«La réalité est qu’il n’y a absolument pas assez», a déclaré Andreas Wieland, directeur général de Hamilton Medical en Suisse, un fabricant de ventilateurs de premier plan.

En chiffres

  • Il y a environ 160 000 ventilateurs dans les hôpitaux américains, avec 12 700 autres dans un stock que le gouvernement fédéral conserve pour les urgences nationales.
  • Une nouvelle machine peut coûter jusqu’à 50 000 $. Moins d’une douzaine d’entreprises américaines en fabriquent; environ la moitié de ceux utilisés aux États-Unis sont importés.
  • Une entreprise italienne a quadruplé sa production, 150 ventilateurs par semaine, avec l’aide d’ingénieurs et d’autres employés du ministère de la Défense.
  • La Grande-Bretagne s’attend à avoir besoin de beaucoup plus que le 5.000 ventilateurs dont il dispose. Le Premier ministre Boris Johnson appelle les constructeurs automobiles à commencer à les fabriquer.

Plus de pénuries: Aux États-Unis, la détection de la maladie est entravée par des stocks extrêmement courts d’écouvillons et d’équipements de protection. Les écouvillons spéciaux nécessaires aux tests proviennent principalement d’une entreprise italienne qui travaille 24h / 24.



Et après: Le président Trump a invoqué le Defense Production Act, une loi de l’ère de la guerre de Corée lui permettant d’ordonner aux usines américaines de stimuler la production de fournitures essentielles telles que les ventilateurs et les masques.

Un effet secondaire dangereux pour les personnes âgées: la solitude

Les personnes de plus de 60 ans sont exposées à un risque élevé de maladie grave due au coronavirus, et c’est encore plus grave pour les personnes de plus de 80 ans. Les personnes âgées doivent donc être particulièrement prudentes – ce qui peut signifier couper la famille, les amis et les communautés.

« C’est une terrible ironie du virus qui, pour les personnes âgées, les mesures visant à empêcher la propagation de Covid-19 augmentent les risques d’isolement social, qui a ses propres effets dévastateurs sur la santé », écrit notre journaliste John Leland.

Depuis le début de cette newsletter, nous avons demandé aux lecteurs de nous dire comment ils font face à l’épidémie.
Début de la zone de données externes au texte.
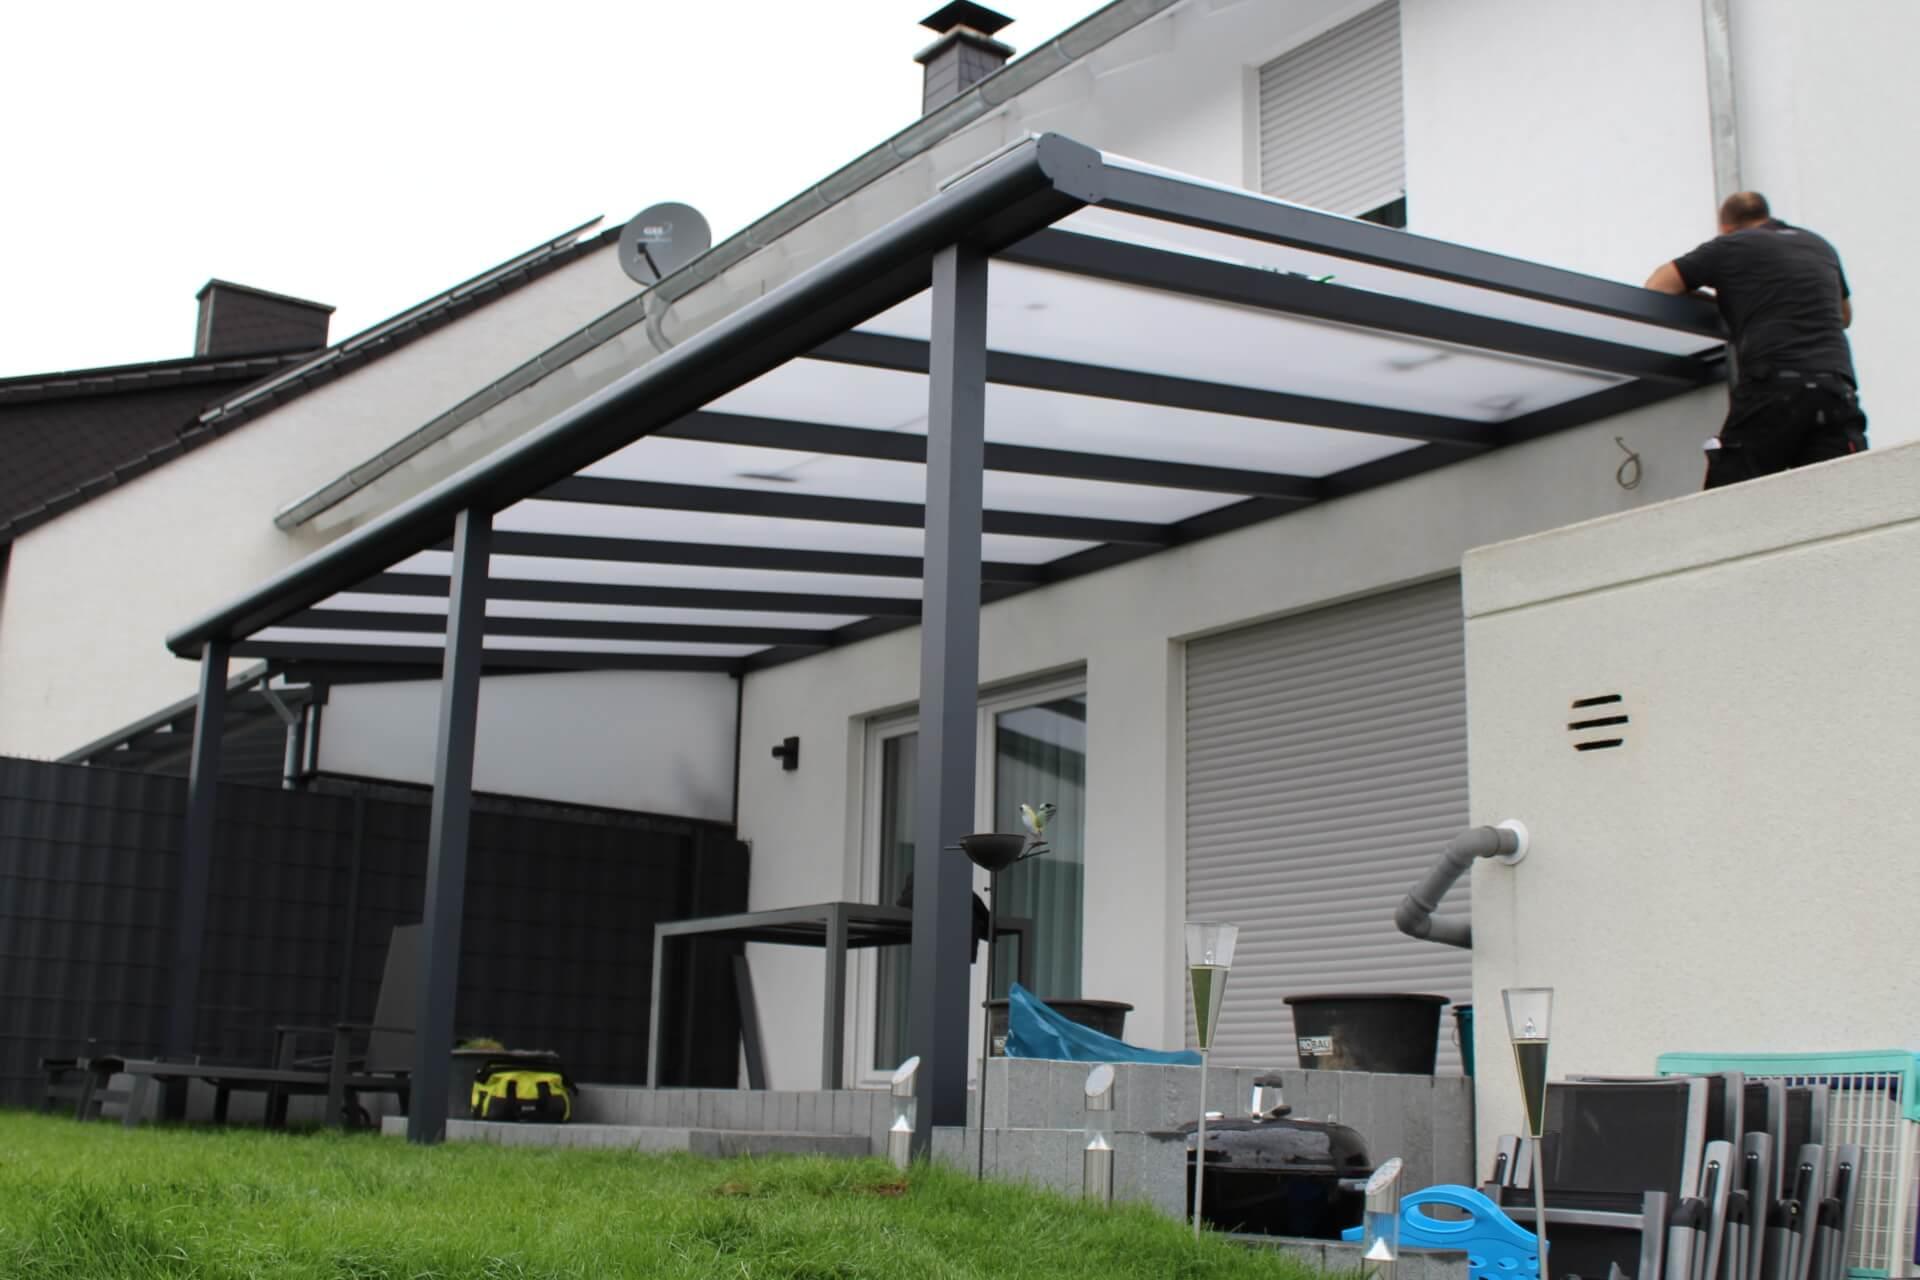 Terrassenuberdachung Mit 16mm Polycarbonatplatten Bek Bauelemente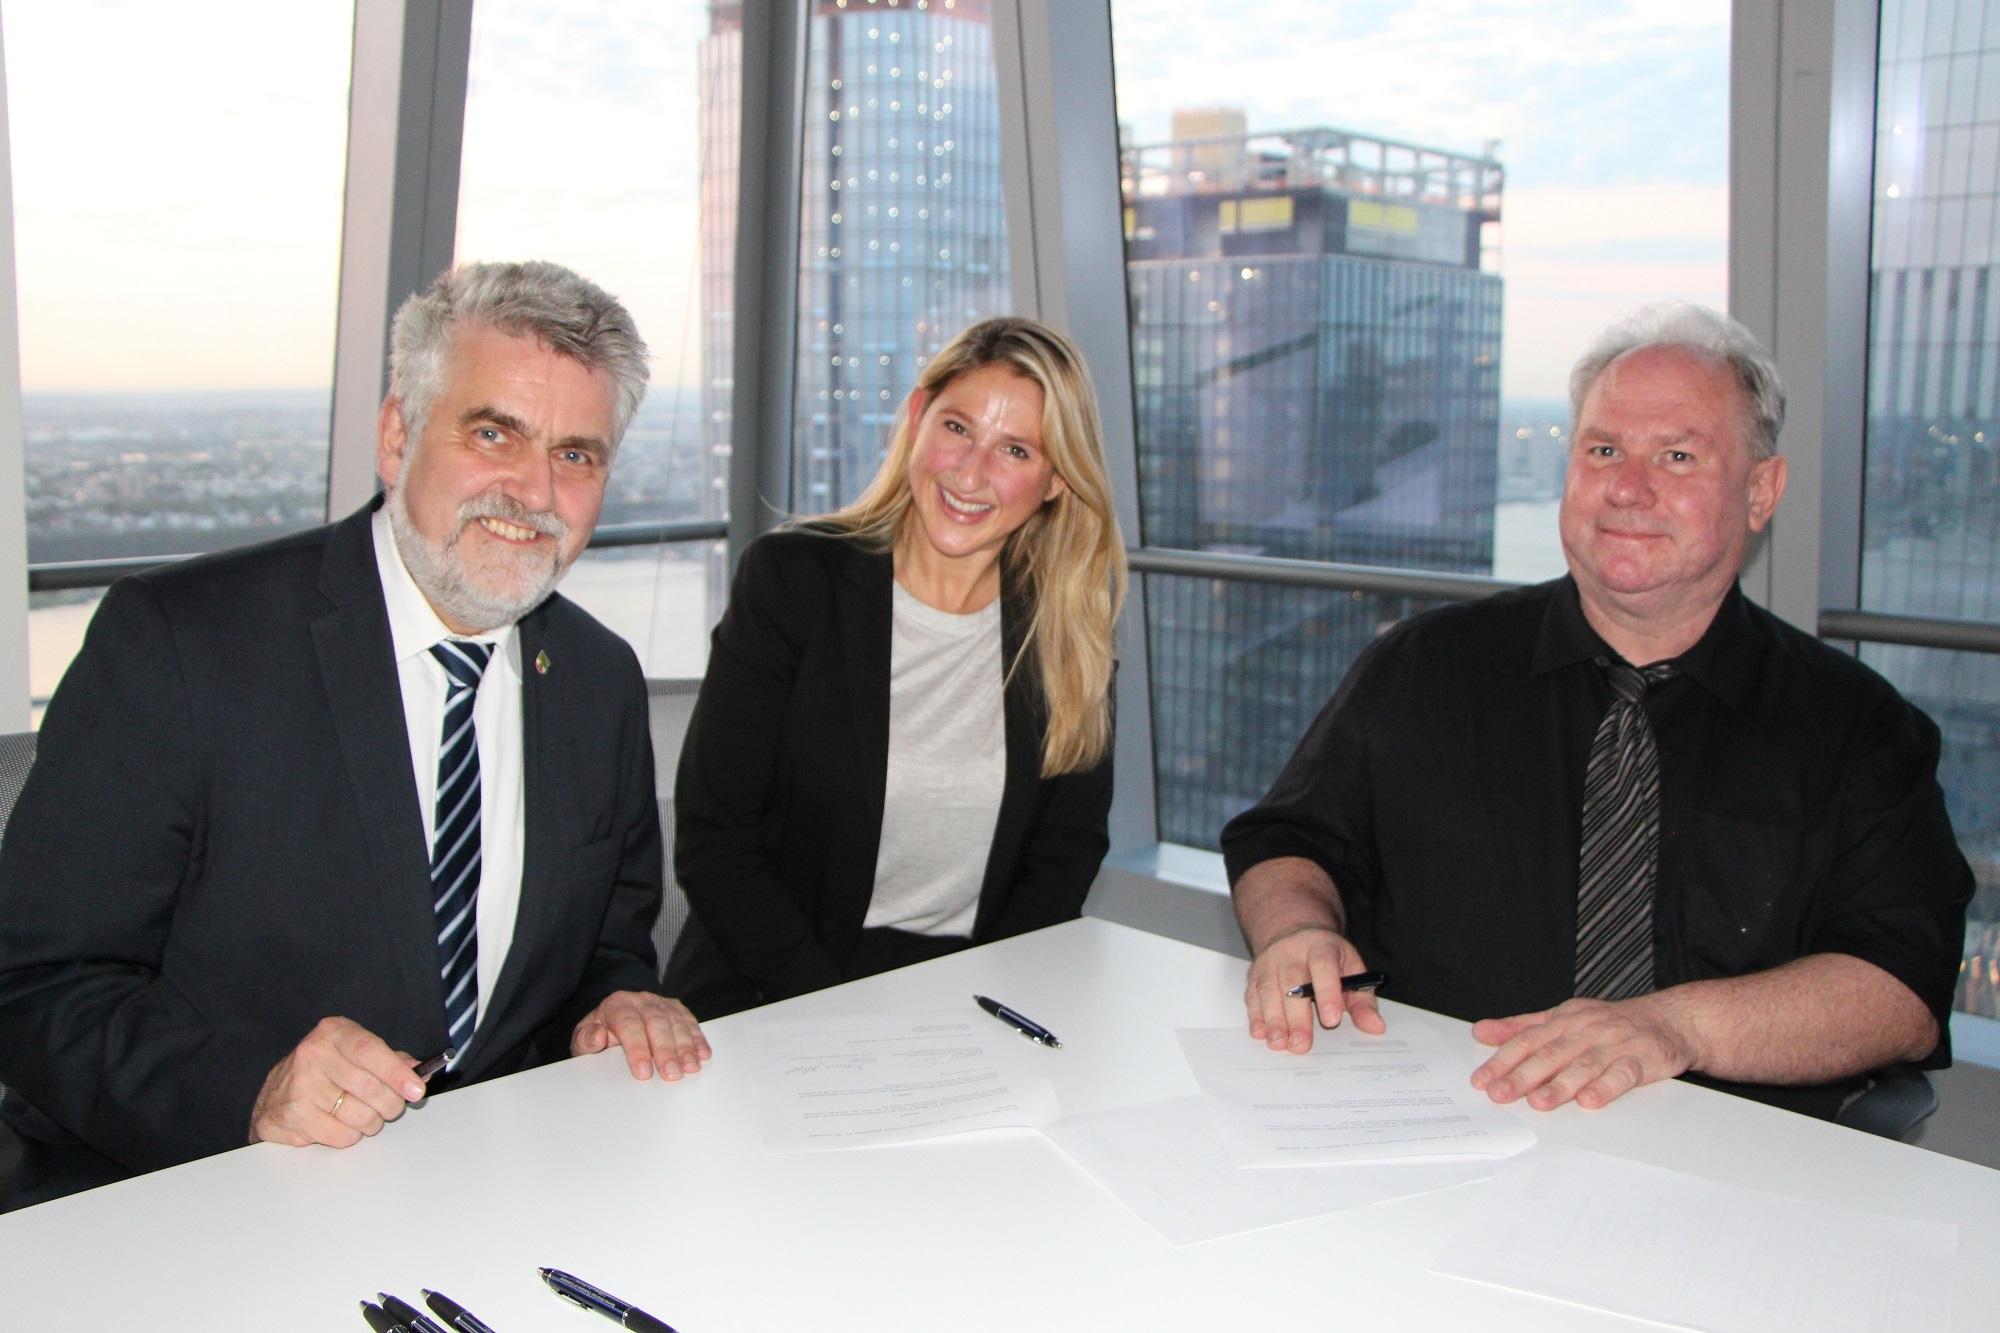 Unterzeichnung-der-Vereinbarung@Matthias-Stoffregen.jpg

Voici quelques réponses que nous avons reçues d’Américains plus âgés sur la façon dont le virus a changé leur vie.

Midge Cooke vit dans un établissement de soins continus à Mechanicsville, en Virginie. Elle écrit:

Plus de 80 résidents sont en quarantaine – jusqu’à présent, personne n’a été testé positif, mais personne n’a été testé à notre connaissance. La pandémie ressemble à ce que j’ai ressenti lorsque nous avons pris l’avion pour rentrer d’Europe le 9/11. Bizarre. Nous ne savons pas quand la prochaine chaussure tombera. Je fais des promenades et j’espère voir quelqu’un dire simplement «Bonjour» et «Comment vous débrouillez-vous?» L’interaction sociale est l’une de mes bouées de sauvetage.

Aurelia Marvin de Jasper, Ga., Écrit:

J’ai M.S. et ont donc un système immunitaire extrêmement compromis. Mon mari est également âgé. Nous ne quittons la maison que si c’est absolument nécessaire. Mais nous avons peur d’aller dans un établissement médical de peur d’y attraper quelque chose ! Nous avons très peur et sommes franchement inquiets pour quiconque dans la région est âgé et contraint de rester chez lui pendant cette crise.

Et enfin, de Susan Stull de Canton, Pennsylvanie:

Mon mari et moi sommes âgés et tous les deux sont compromis avec plusieurs choses, y compris son cancer métastatique. En tant que chef laïc de notre église, j’ai été en contact avec la moitié des membres presque quotidiennement sur la distanciation sociale. Il est tellement plus facile de s’occuper du troupeau que de s’inquiéter pour nous-mêmes. Et cela aide à l’isolement. Nous pouvons tous prendre le temps d’appeler quelqu’un chaque jour et de le vérifier.

Comment passer au travers: Nous avons demandé au C.D.C., W.H.O. et les médecins pour des conseils. Ils recommandent d’apprendre à utiliser des programmes de chat vidéo comme Skype ou FaceTime, à faire des promenades à l’extérieur et à stocker pour quelques mois des médicaments sur ordonnance.